I'm not sure why I'm bothering to respond, given the mentality I usually associated with the "owned" meme (at least it was "pwned" ...) but it's worth noting that the operating system goes out of its way to hide the details of what's really going on.
If by "open" you mean getting CPU time, eating up battery life, actively performing tasks, etc. then applications that aren't in the foreground
usually aren't "open." Most applications are completely suspended when they're in the background - they're resident in memory but that's it (and they're supposed to aggressively reduce their memory usage before being suspended.) There are obvious exceptions for applications playing background audio, navigation, and so forth, but very few applications fall into this category.

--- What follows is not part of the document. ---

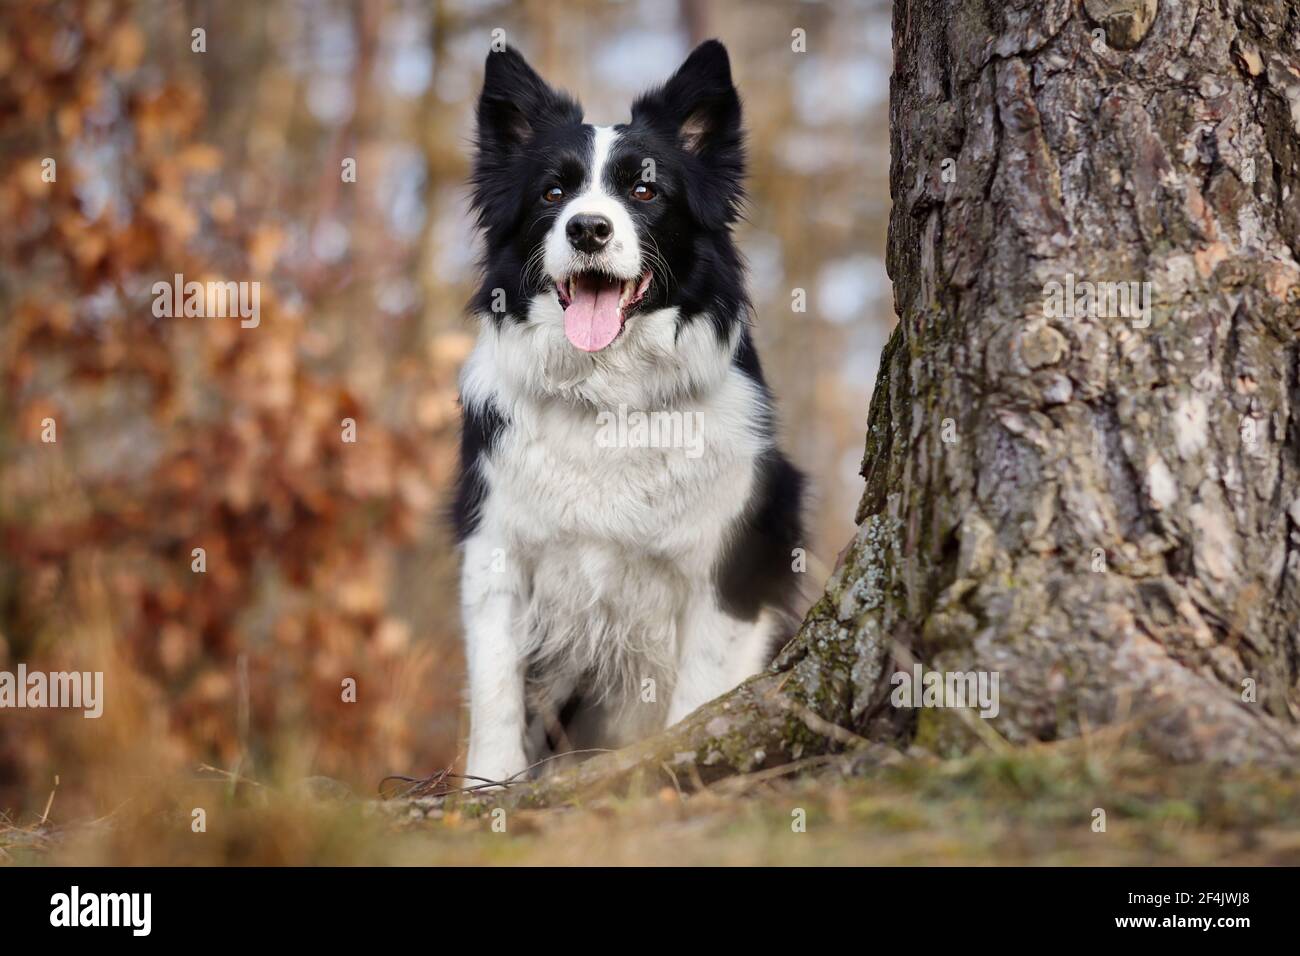 Gros plan de la bordure assise de Collie à côté du tronc d'arbre dans la forêt d'automne. Adorable chien noir et blanc avec sa langue dans la nature. Banque D'Images

So if by "open" you mean the application is still in memory? Maybe. A foreground application that needs a lot of memory will reclaim memory used by suspended applications. So there are indeed instances when an application that has been suspended will launch from scratch and you'll see the splash screen again. Just because it shows up in the "tray" of recently used applications doesn't mean it's tying up memory.
Again, free memory is wasted memory. Until you need it for something else there's
no reason not to keep something in it that might speeds up future operations. I hate to break it to you, but
every modern operating system executable uses available memory as a disk cache so that re-launching an application you've just exited is faster. Quitting an app in Windows or OS X doesn't "get rid of it", either. iOS just goes the next step and allows the app to pick up from where it left off if the memory isn't needed for anything else.
As for your signature?
Steve Jobs - Idiot of the year | I have yet to hear one Apple apologist explain why the idiot above holds the iPhone 4 in the exact same way he says not to.
He pretty clearly told people not to hold it
in a way that causes reception problems. When you're not having reception problems you can hold it any way you please! It's like nobody here ever owned a cell phone before. Or a radio. Or anything else that relies on wireless communication subject to RF interference.